Please repeat only the lines below starting at the line that holds "จำนวน 29 ราย" and ending at the line that holds "2019-2020年度中国充电基础设施发展报告_000014.jpg", exactly, with both of those lines included and every picture omitted.

● Supplied data:
[Start of section]

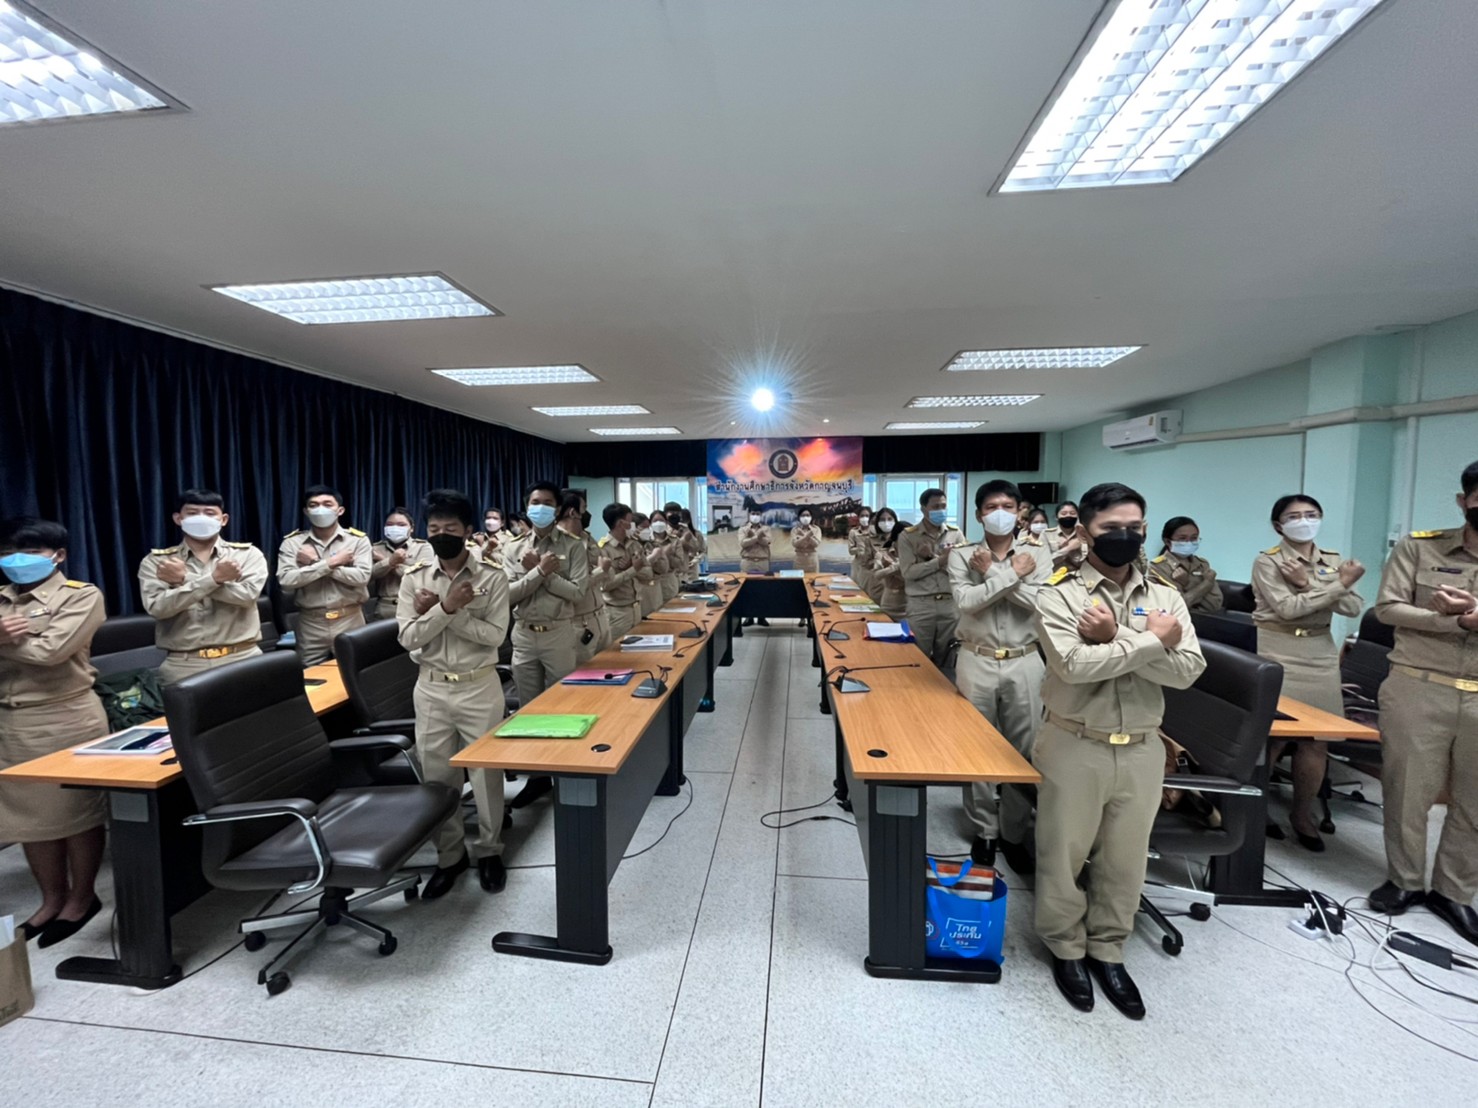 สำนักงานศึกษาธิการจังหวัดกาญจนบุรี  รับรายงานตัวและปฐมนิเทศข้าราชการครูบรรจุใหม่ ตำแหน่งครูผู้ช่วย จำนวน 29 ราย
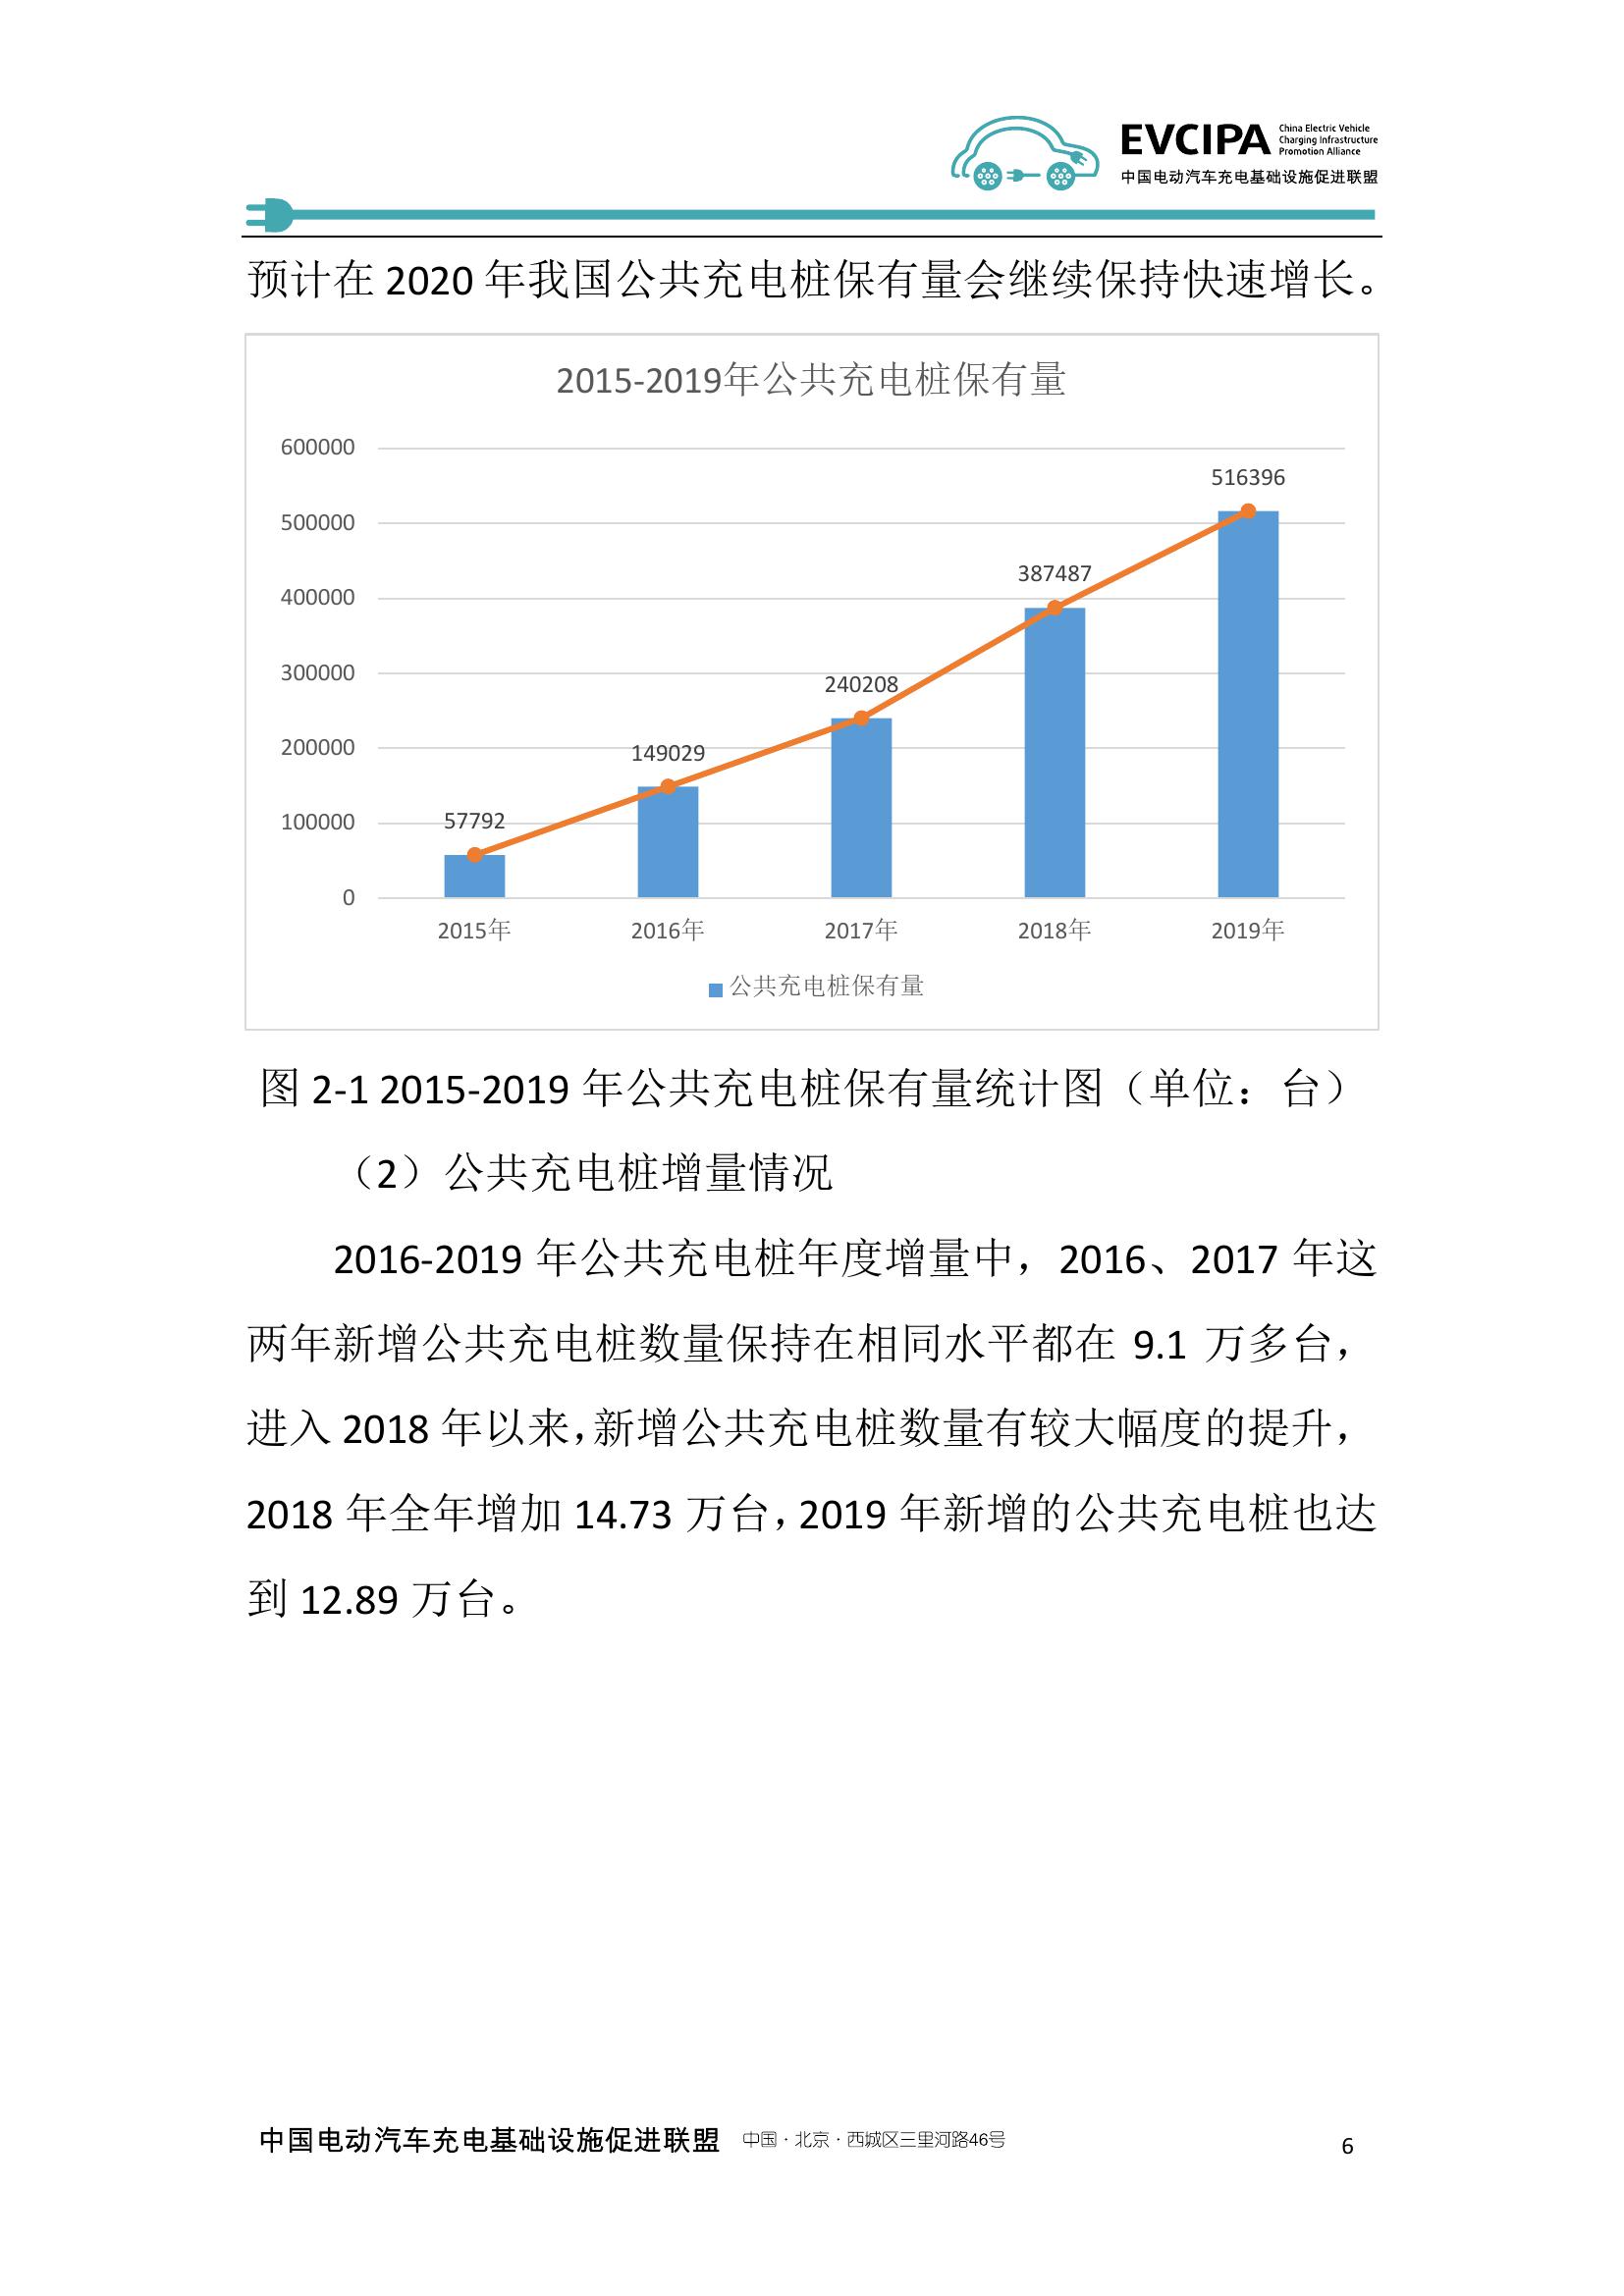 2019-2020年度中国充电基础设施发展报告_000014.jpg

[End of section]
[Start of section]

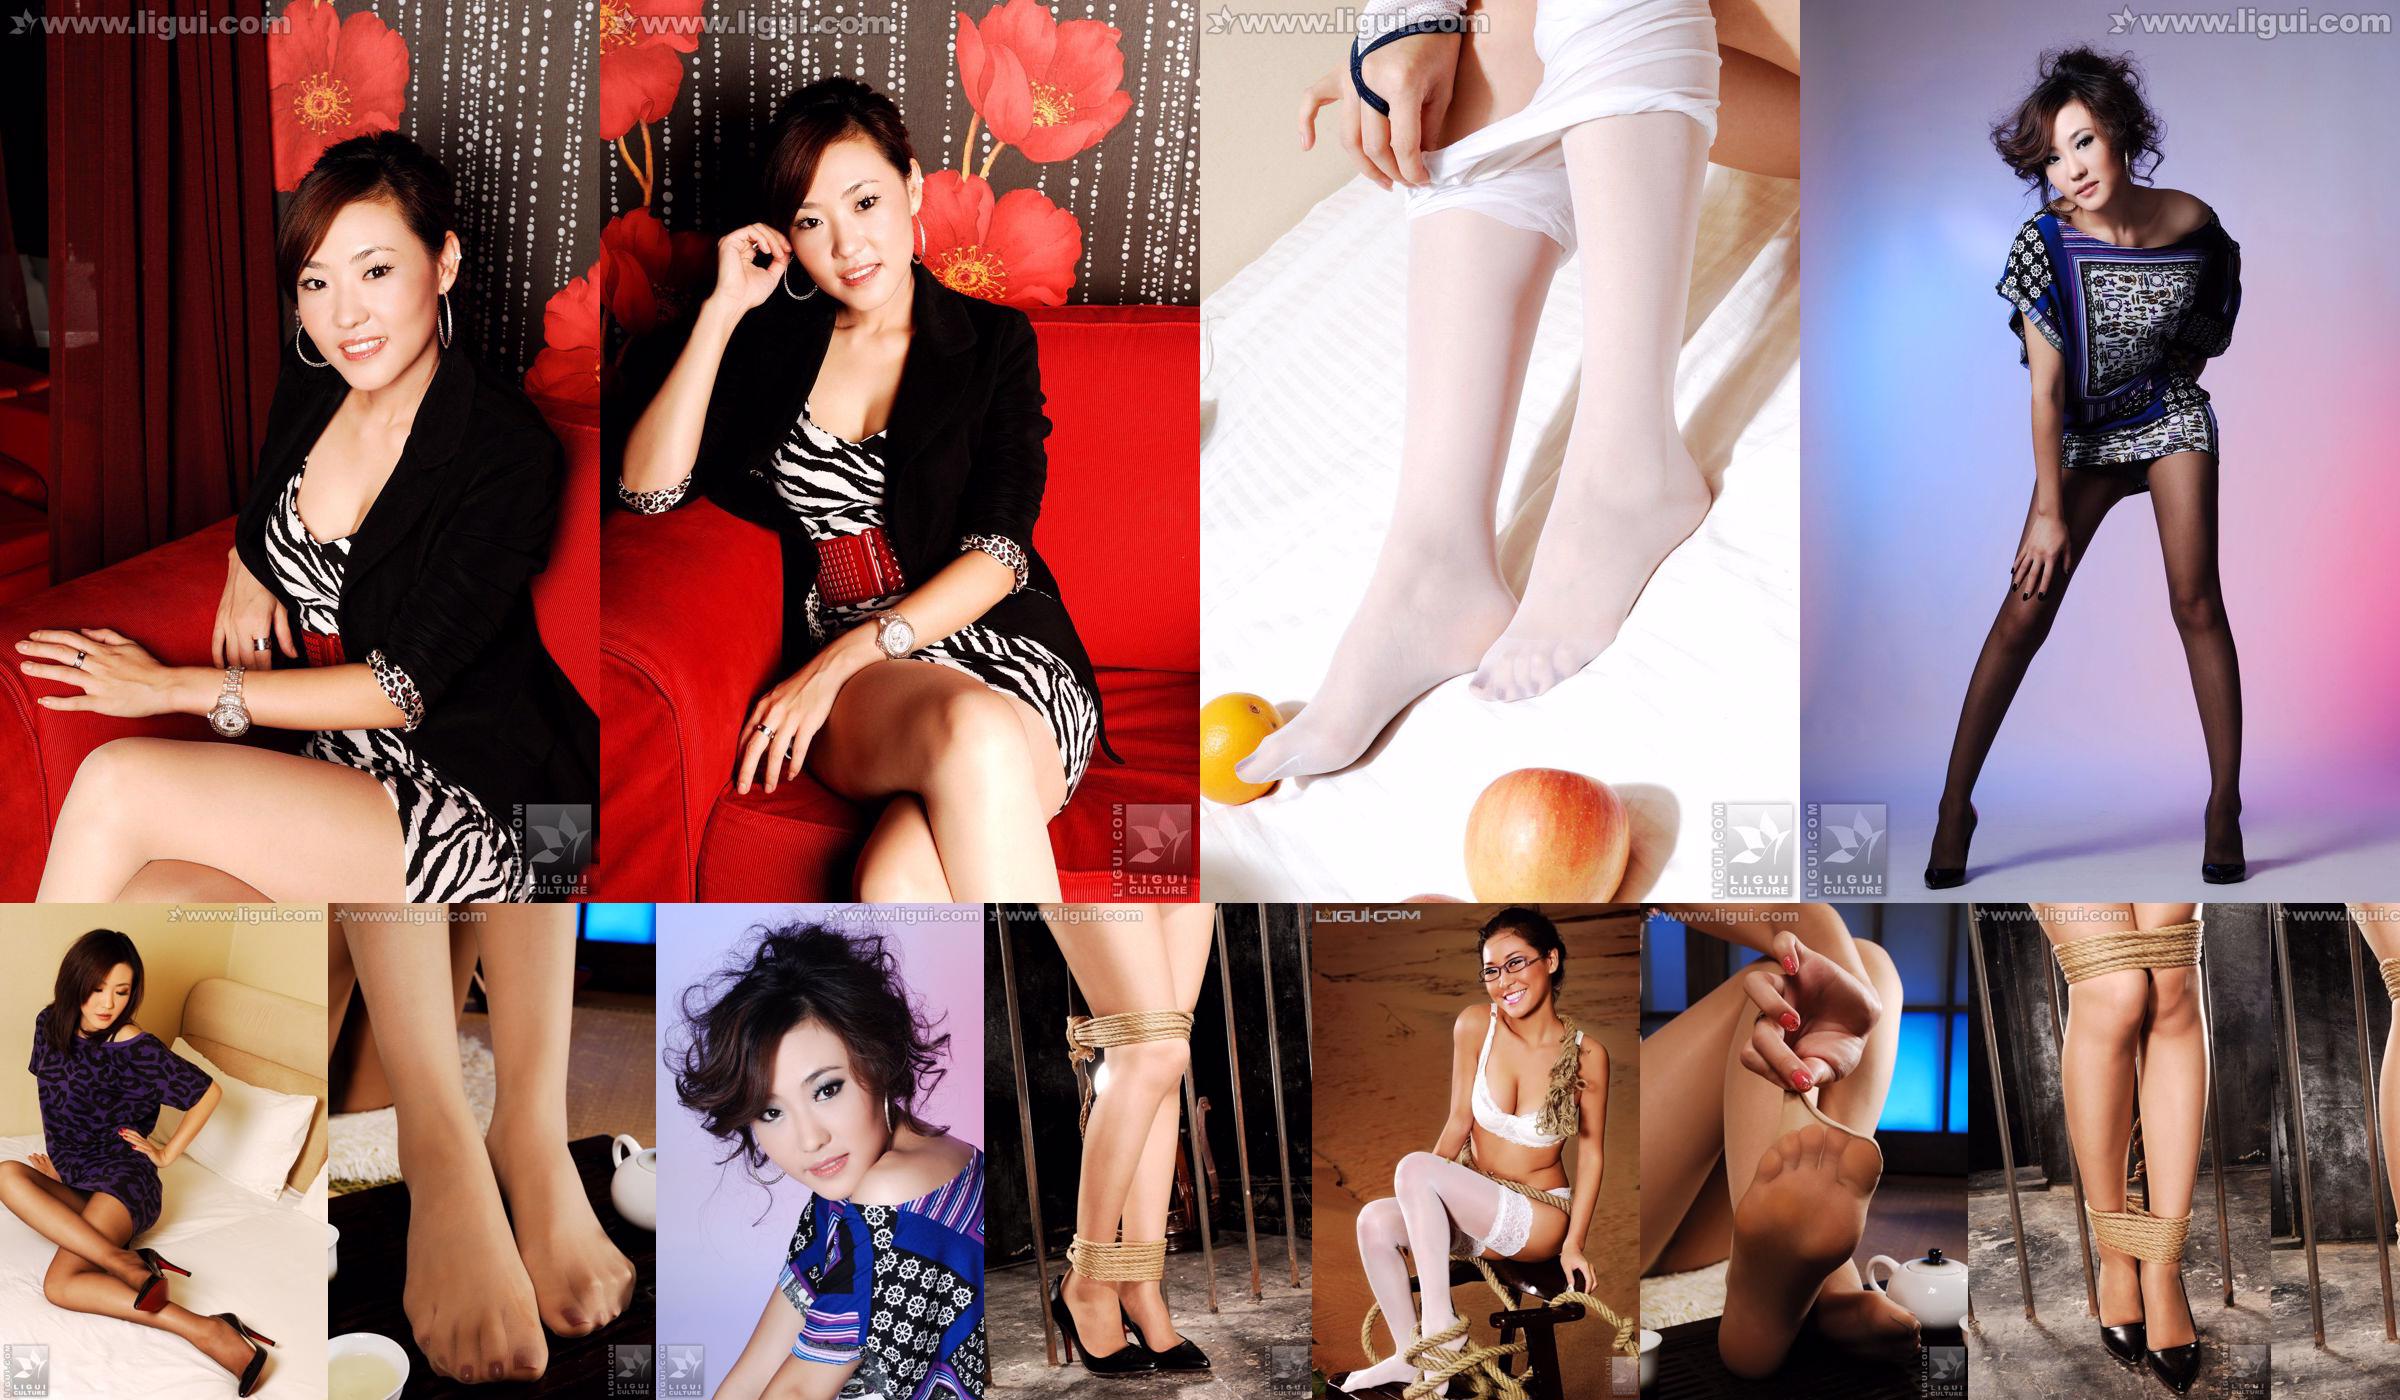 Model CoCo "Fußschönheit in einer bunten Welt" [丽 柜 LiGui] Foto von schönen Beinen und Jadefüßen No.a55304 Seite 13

[End of section]

● Problem solution:
 สำนักงานศึกษาธิการจังหวัดกาญจนบุรี  รับรายงานตัวและปฐมนิเทศข้าราชการครูบรรจุใหม่ ตำแหน่งครูผู้ช่วย จำนวน 29 ราย
 2019-2020年度中国充电基础设施发展报告_000014.jpg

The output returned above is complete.